When selecting a gold nanoparticle supplier, it’s important to take into account a number of criteria including size distribution, aggregation state, concentration, and stability. These are discussed in more detail in the following section.

Synthesis of Gold Colloid

At Fortis Life Sciences, gold nanoparticles are fabricated in solution by reducing chloroauric acid (HAuCl₄) in the presence of a variety of other chemical reagents that can be used to tune gold nanoparticle size, shape, and surface capping agent. The first step in the reaction is the precipitation of gold ions into very small particles known as "seed" nanoparticles. These seed nanoparticles then act as nucleation sites as the remaining gold ions undergo reduction, and the nanoparticles grow until the gold ions or reducing agent is depleted. By optimizing the reaction kinetics and stoichiometric ratios of gold ions and other reagents, monodisperse gold nanoparticles ranging from 5 – 250 nm can be fabricated. Two of the most famous descriptions a of these types of reactions are journal articles written by Frens¹ and Turkevich², and are excellent resources for those interested in learning more about these types of reactions. Other non-solution based methods of producing gold nanoparticles such as exploding wire or laser ablation are also utilized, however these methods produce polydisperse material with broad size distributions.

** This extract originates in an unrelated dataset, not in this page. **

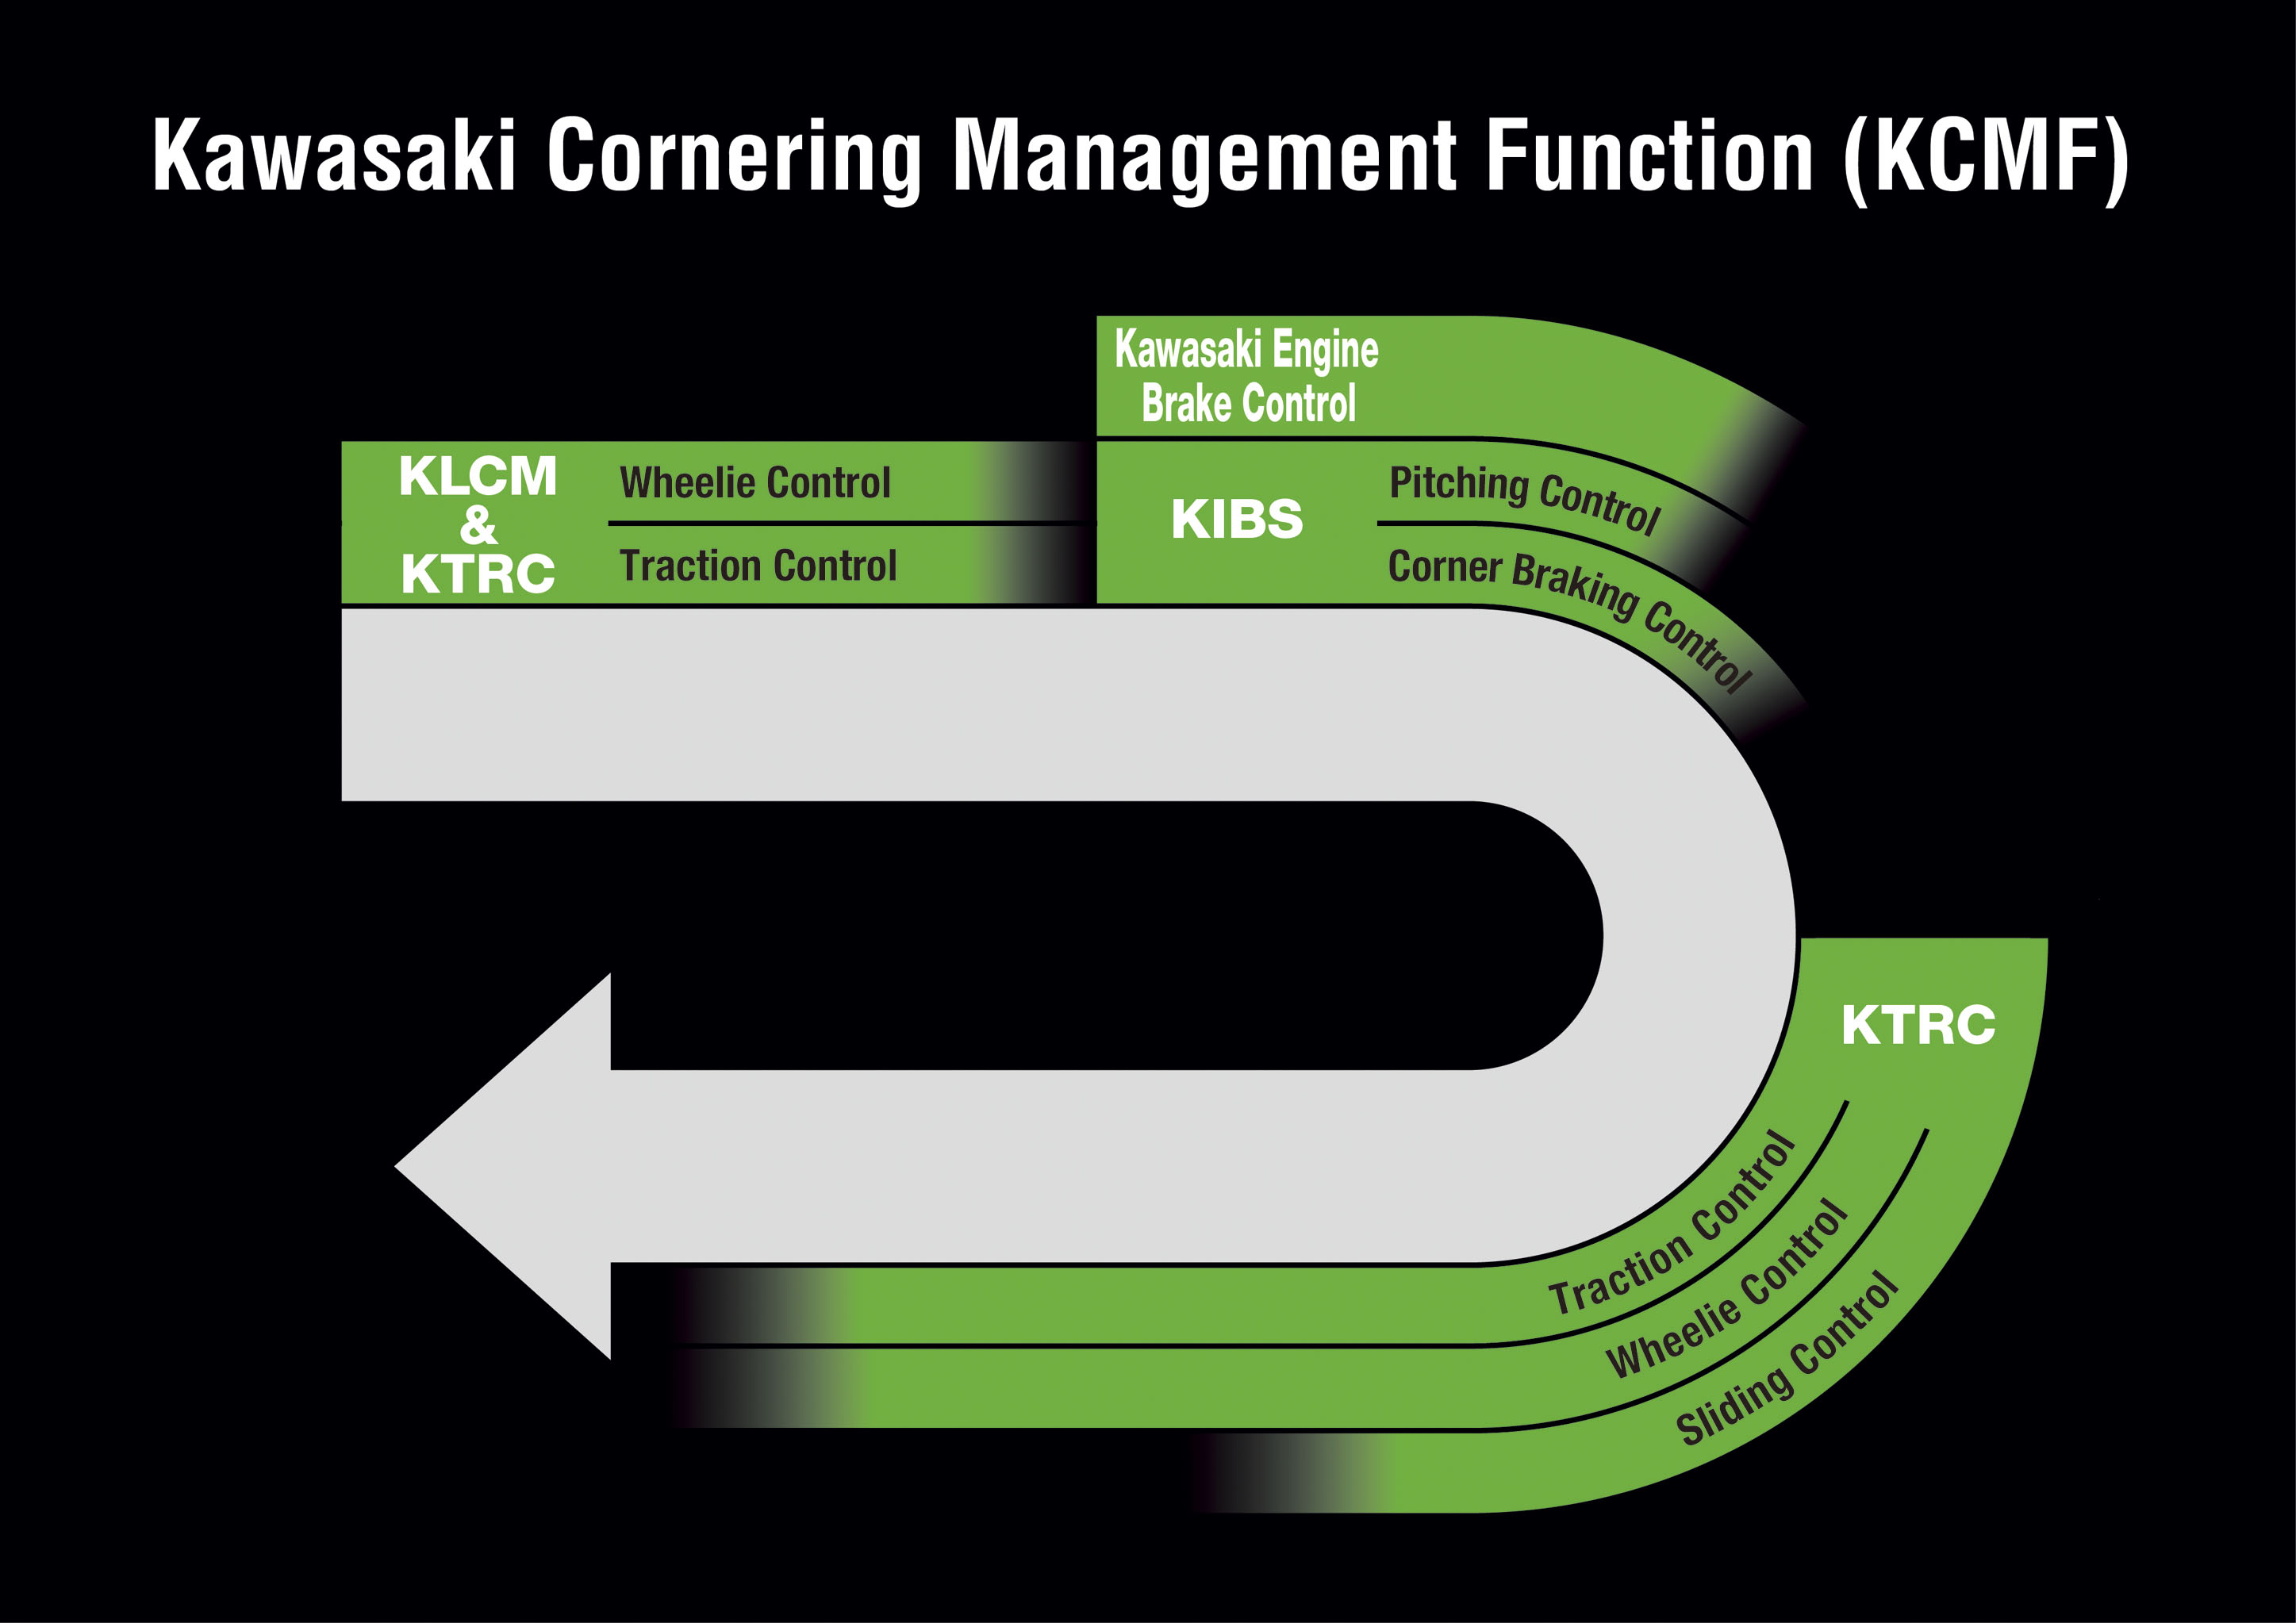 KCMF (Kawasaki Cornering Management Function)
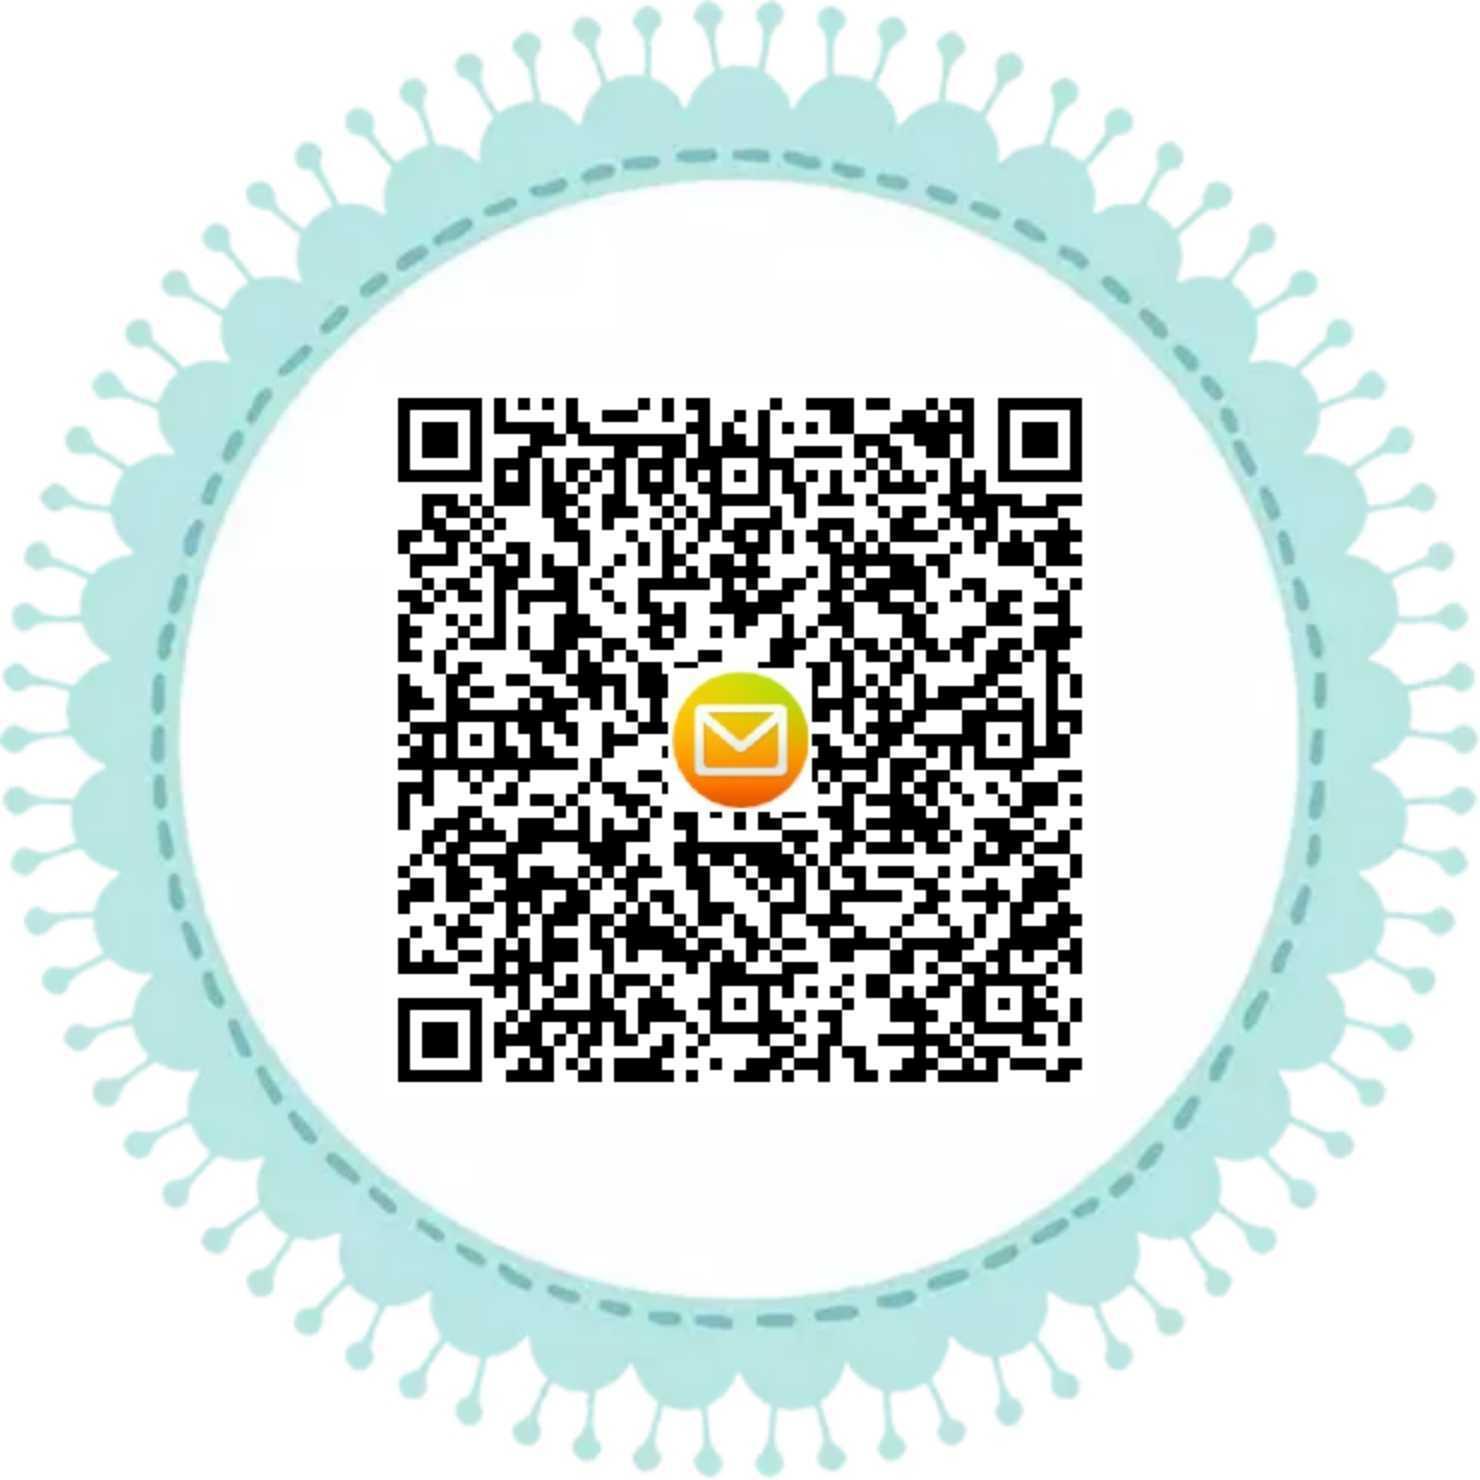 http://www.58100.com/index/detail/721606

Gold Colloid Size Distribution

Colloidal gold nanoparticles can be produced with a very narrow size distribution. Fortis Life Sciences colloidal gold nanoparticles can achieve CVs (a measure of the standard deviation/diameter) of 8-15% for all of its colloidal formulations within the 5 nm – 100 nm size range. Figure 1 shows transmission electron microscopy (TEM) images of Fortis Life Sciences gold nanoparticles across a range of sizes. The narrow size distributions are preferable for almost all applications, as gold nanoparticles have size dependent diffusion rates, optical properties, conductivities, and electron densities.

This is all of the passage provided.